Provided data »
____________

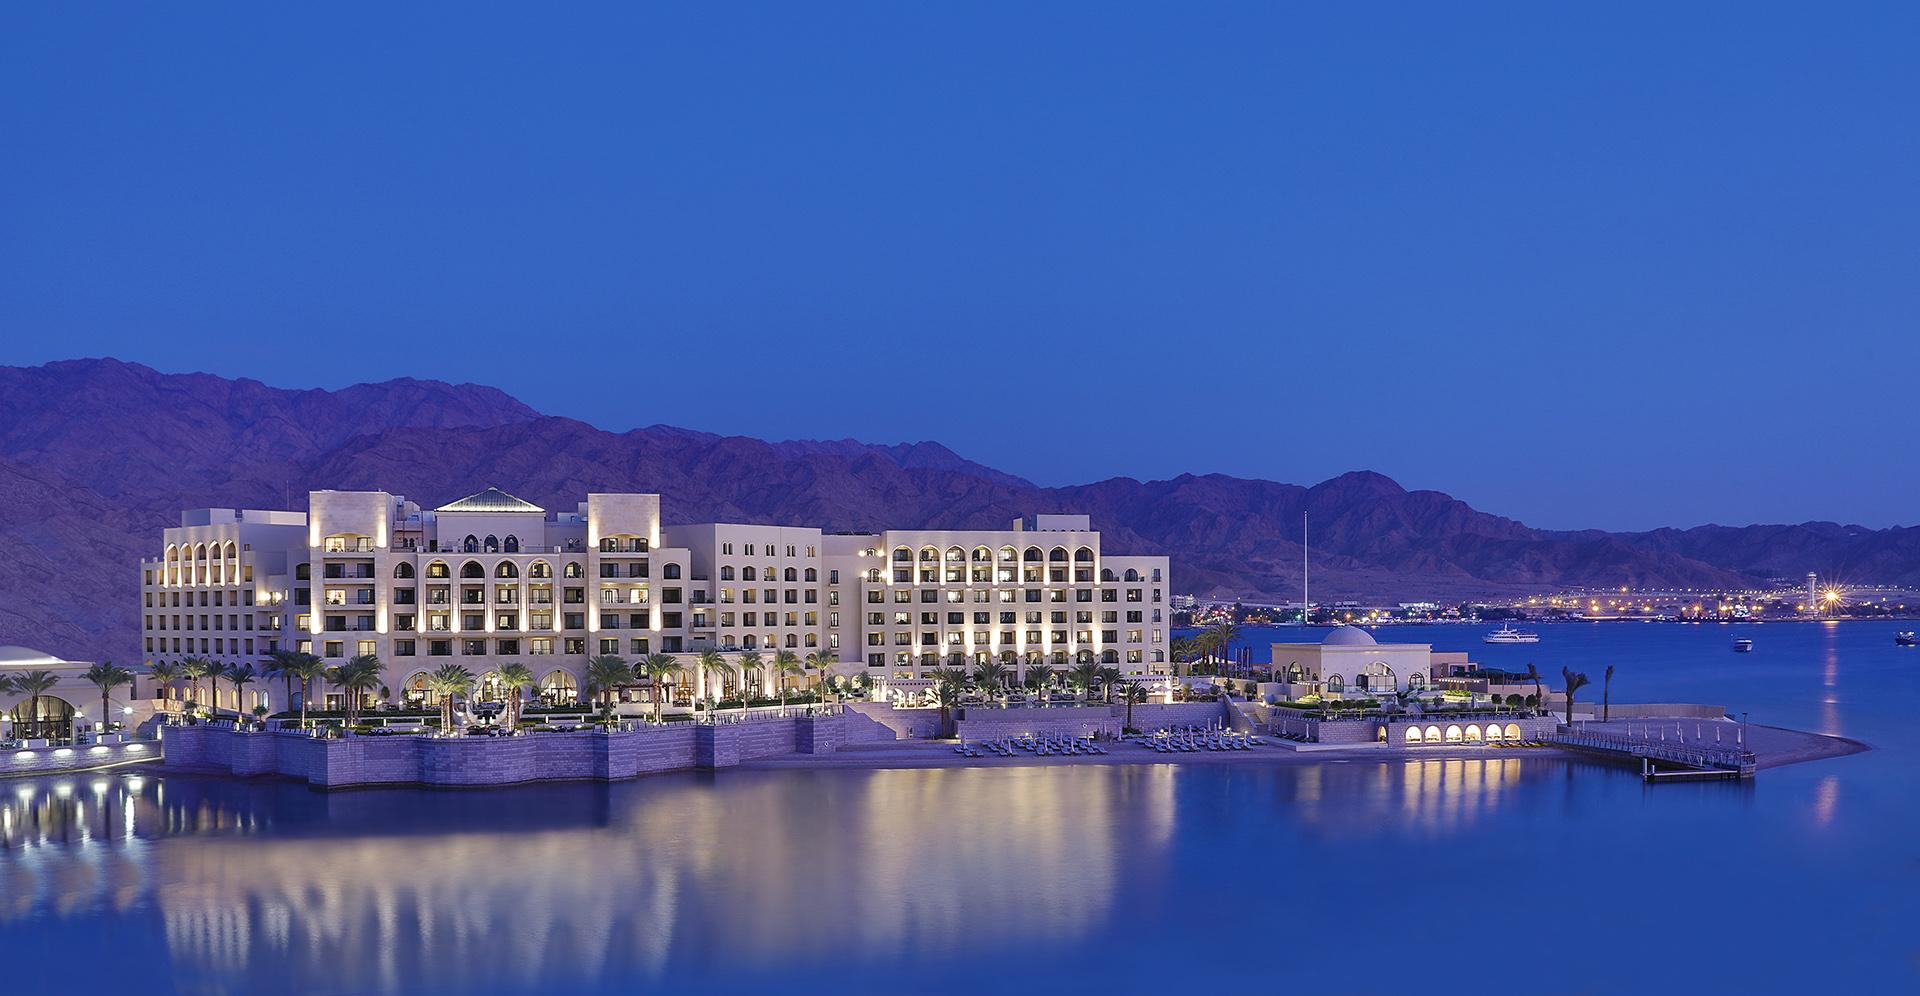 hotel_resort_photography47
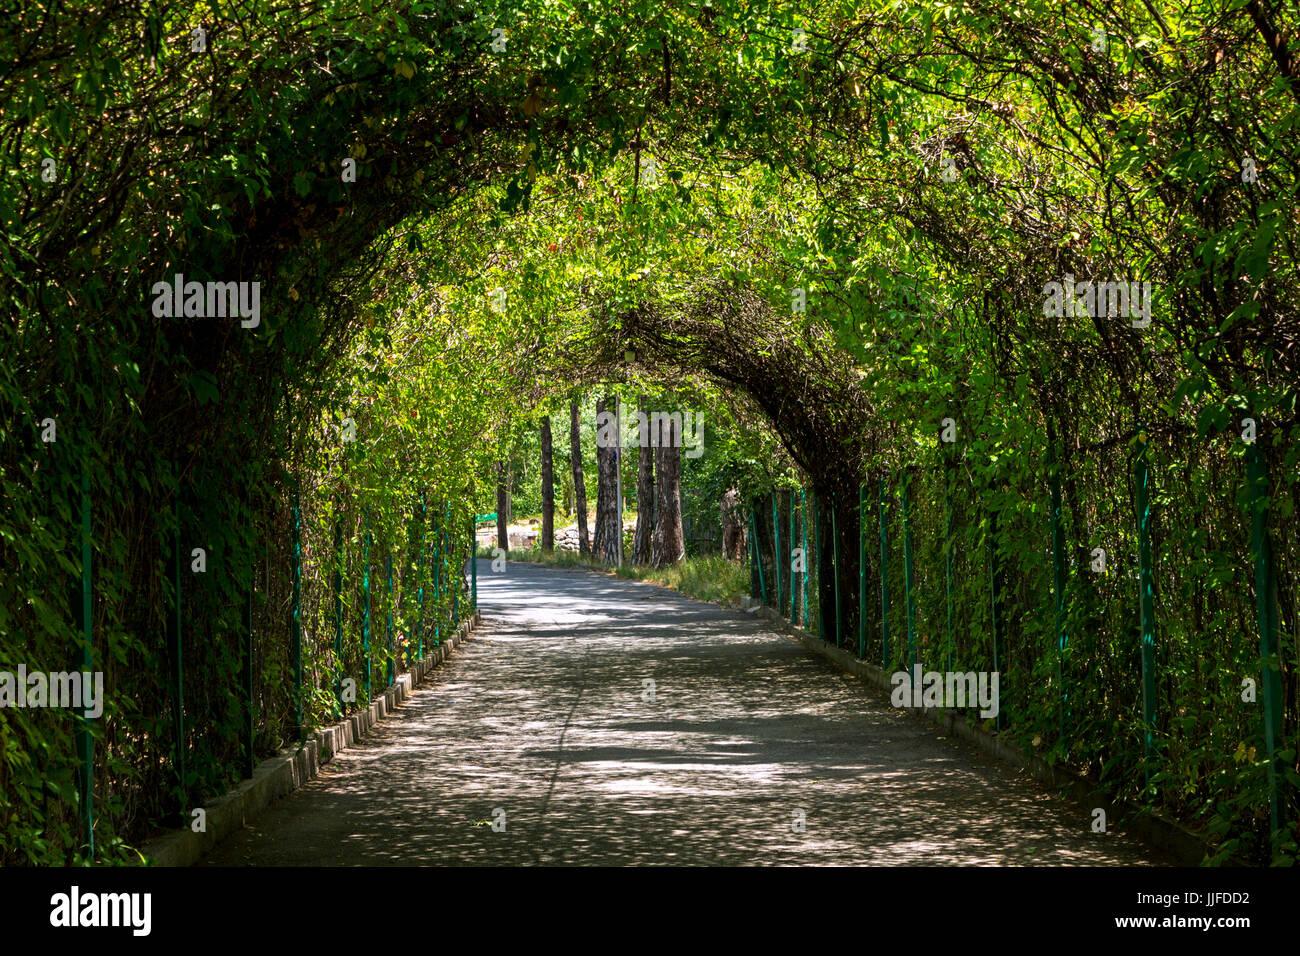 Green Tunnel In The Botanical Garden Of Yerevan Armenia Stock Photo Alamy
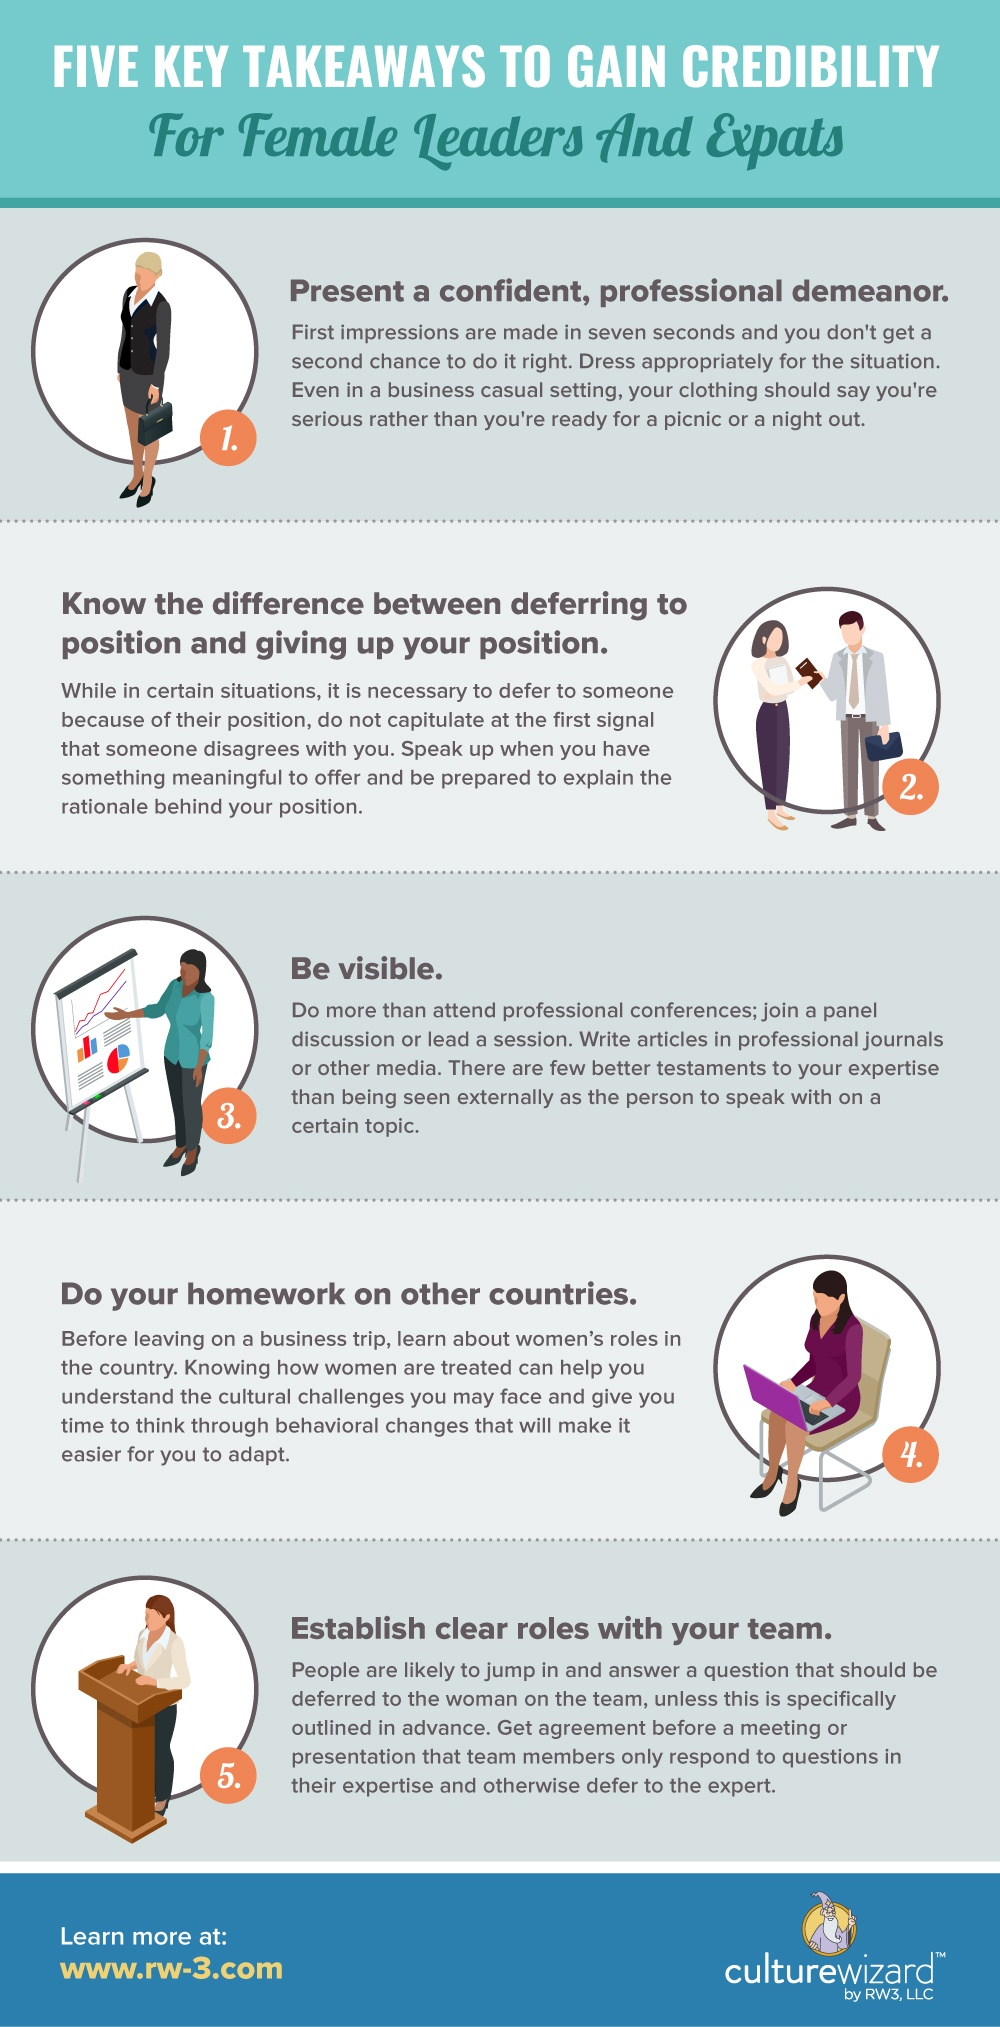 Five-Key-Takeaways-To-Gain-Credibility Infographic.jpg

____________

Try it »
The whole listing should be reproduced exactly. Images don't go in.

Solution to this task »
 hotel_resort_photography47
 Green Tunnel In The Botanical Garden Of Yerevan Armenia Stock Photo Alamy
 Five-Key-Takeaways-To-Gain-Credibility Infographic.jpg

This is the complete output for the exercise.